» EXCERPTED DATA
↓
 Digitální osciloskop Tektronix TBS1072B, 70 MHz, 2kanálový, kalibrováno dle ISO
↑
↓
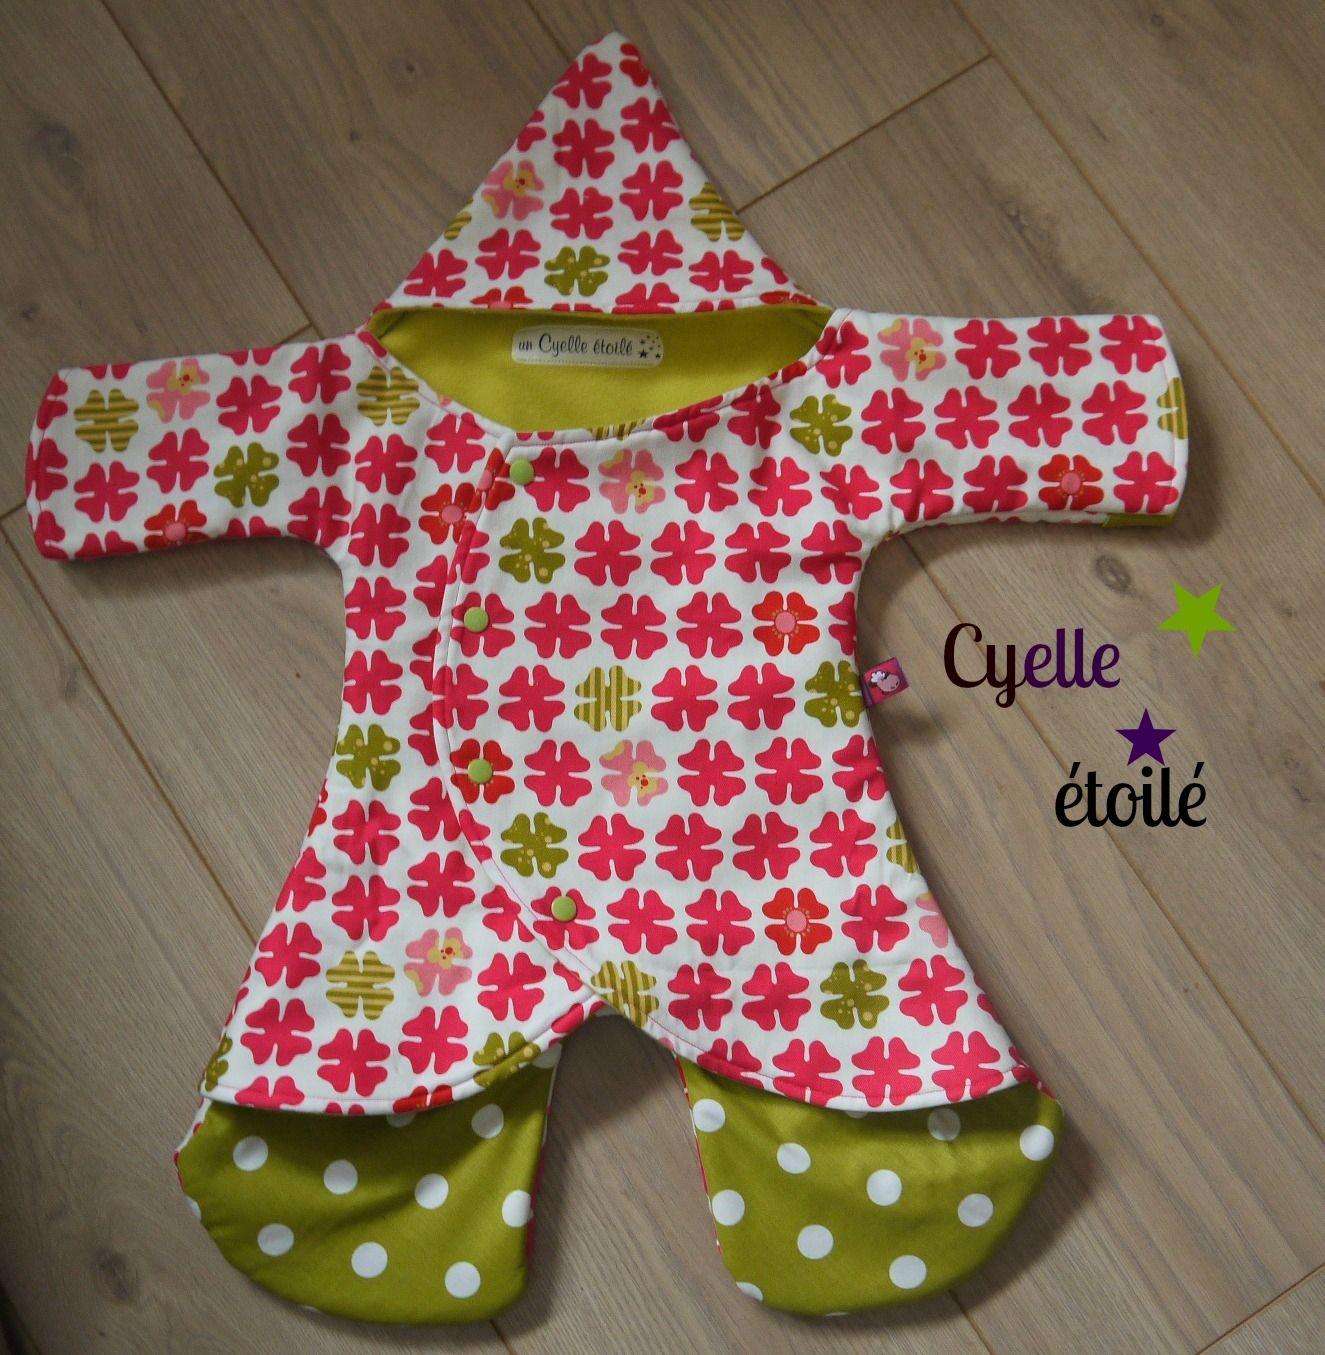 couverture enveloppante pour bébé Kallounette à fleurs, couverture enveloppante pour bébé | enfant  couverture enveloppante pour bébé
↑
↓
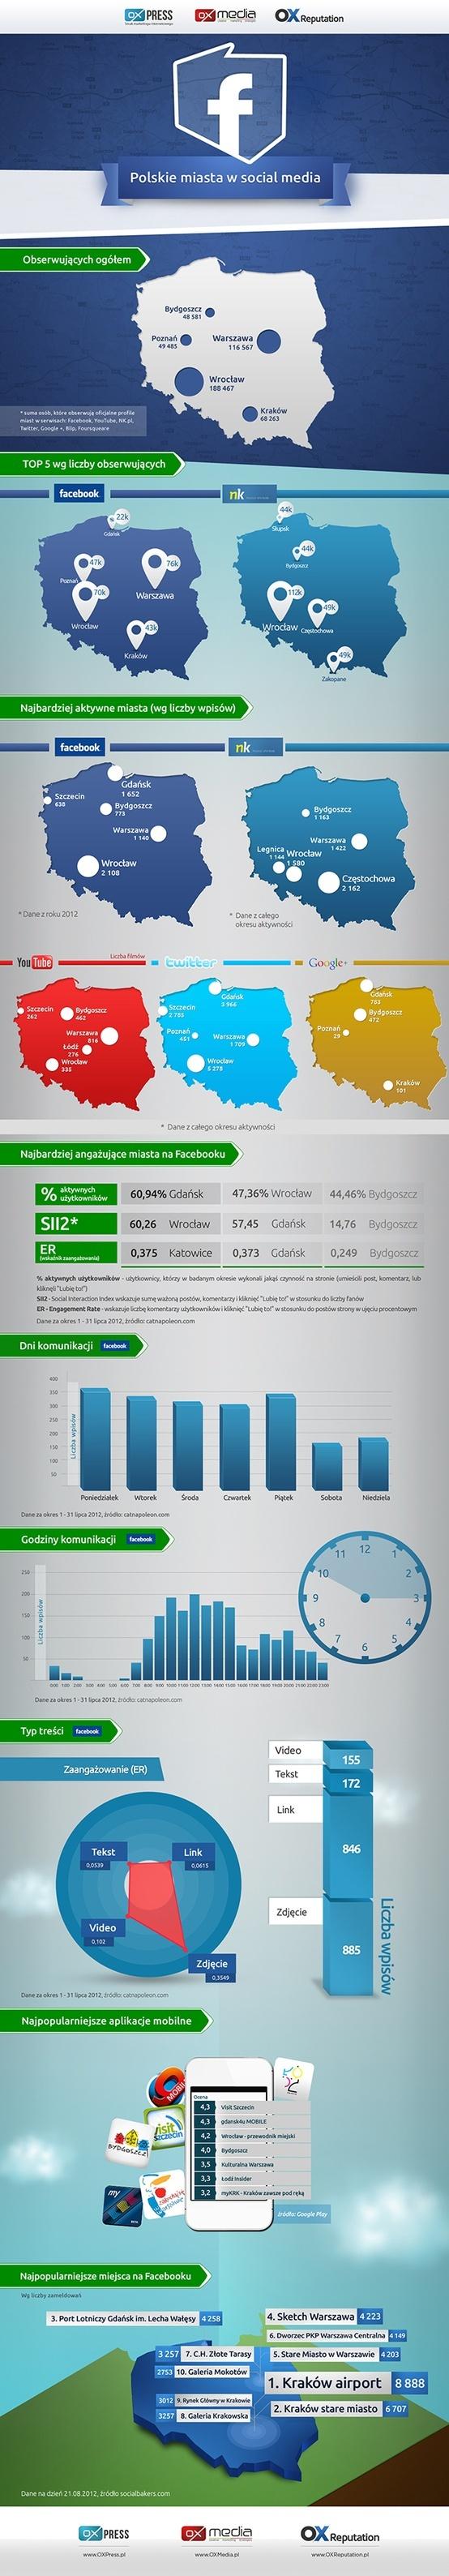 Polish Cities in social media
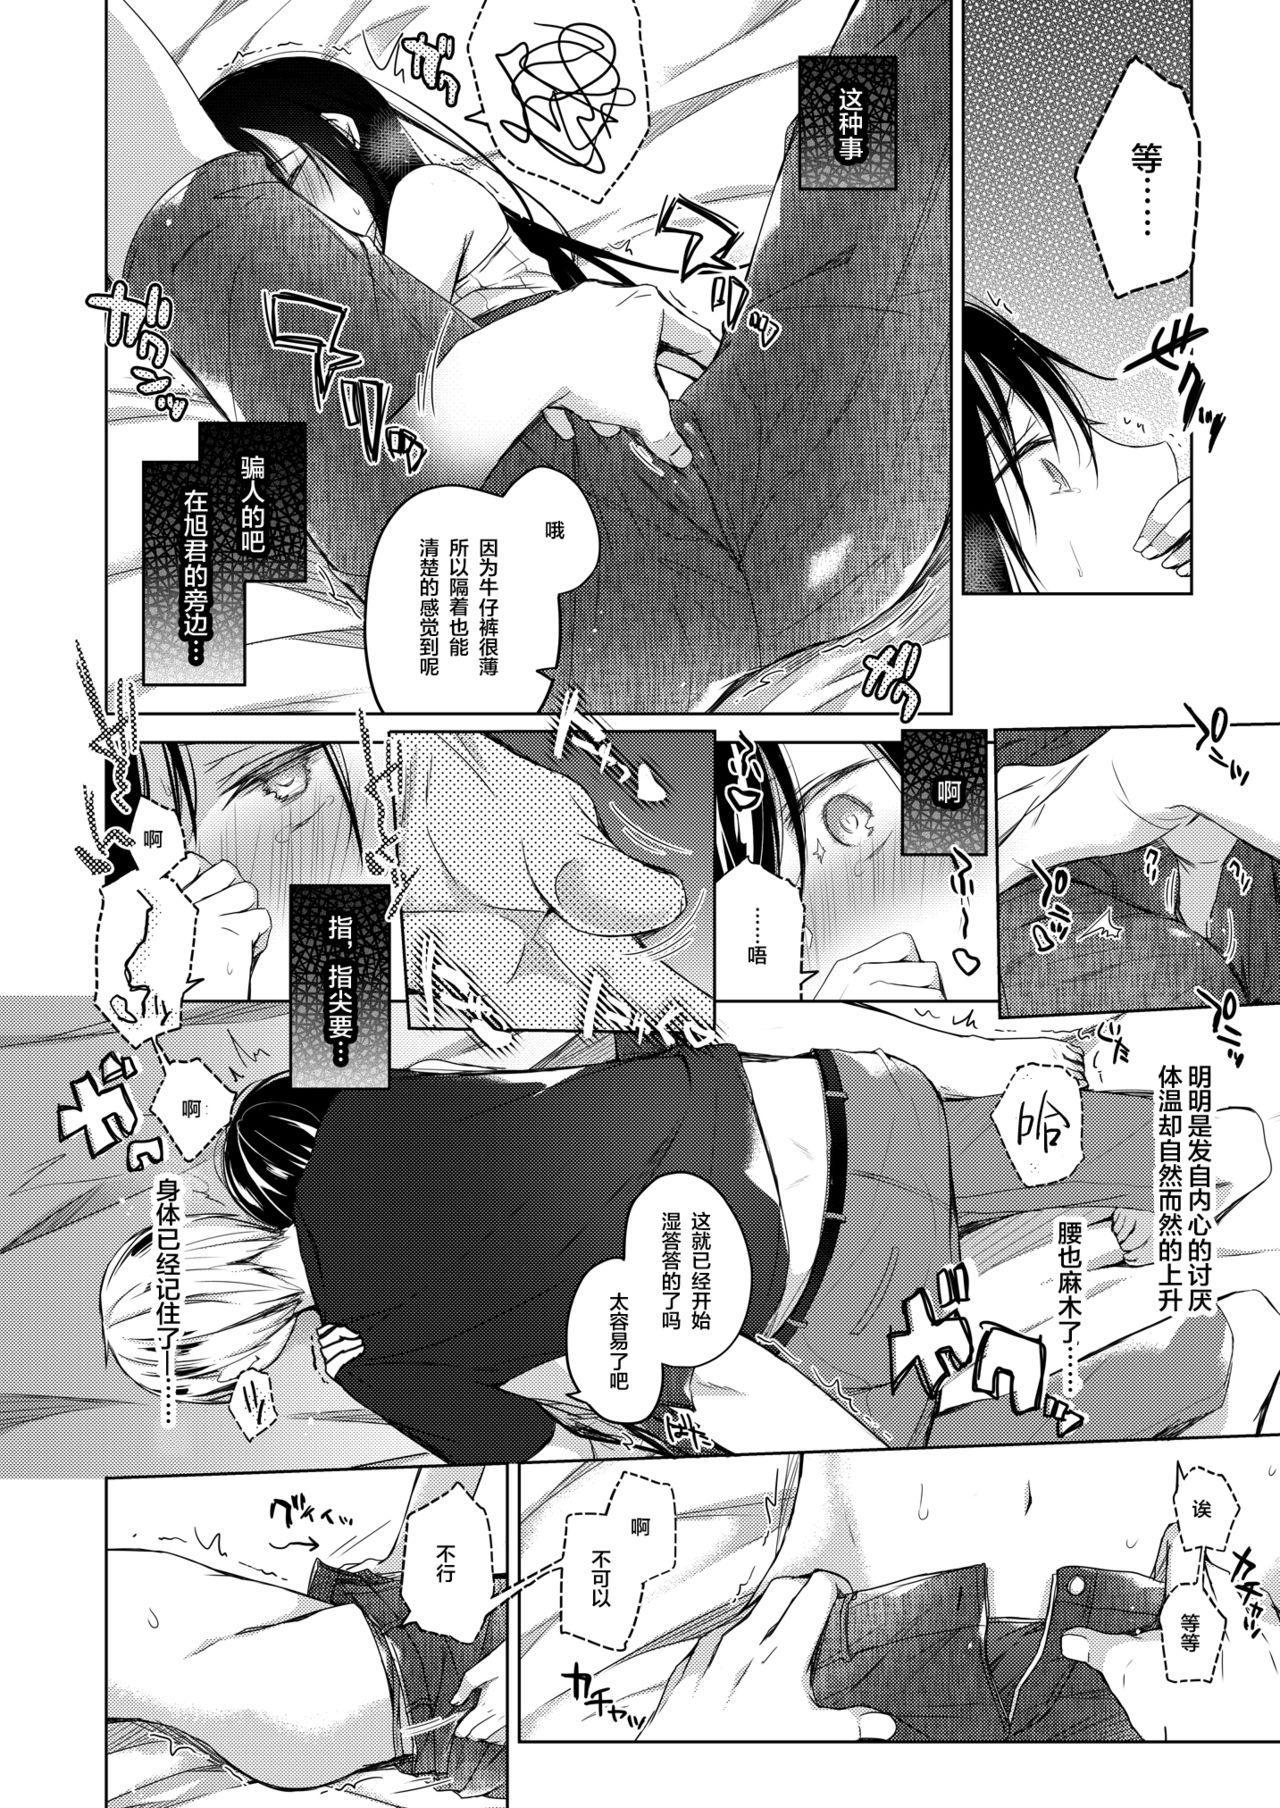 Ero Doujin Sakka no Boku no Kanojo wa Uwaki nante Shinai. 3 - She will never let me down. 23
↑
» WHAT TO PRODUCE
Above are the records; copy from them only the lines starting at the one containing "Polish Cities in social media" and ending at the one containing "Ero Doujin Sakka", exactly and without pictures.

» RESULT FOR THIS EXERCISE
 Polish Cities in social media
 Ero Doujin Sakka no Boku no Kanojo wa Uwaki nante Shinai. 3 - She will never let me down. 23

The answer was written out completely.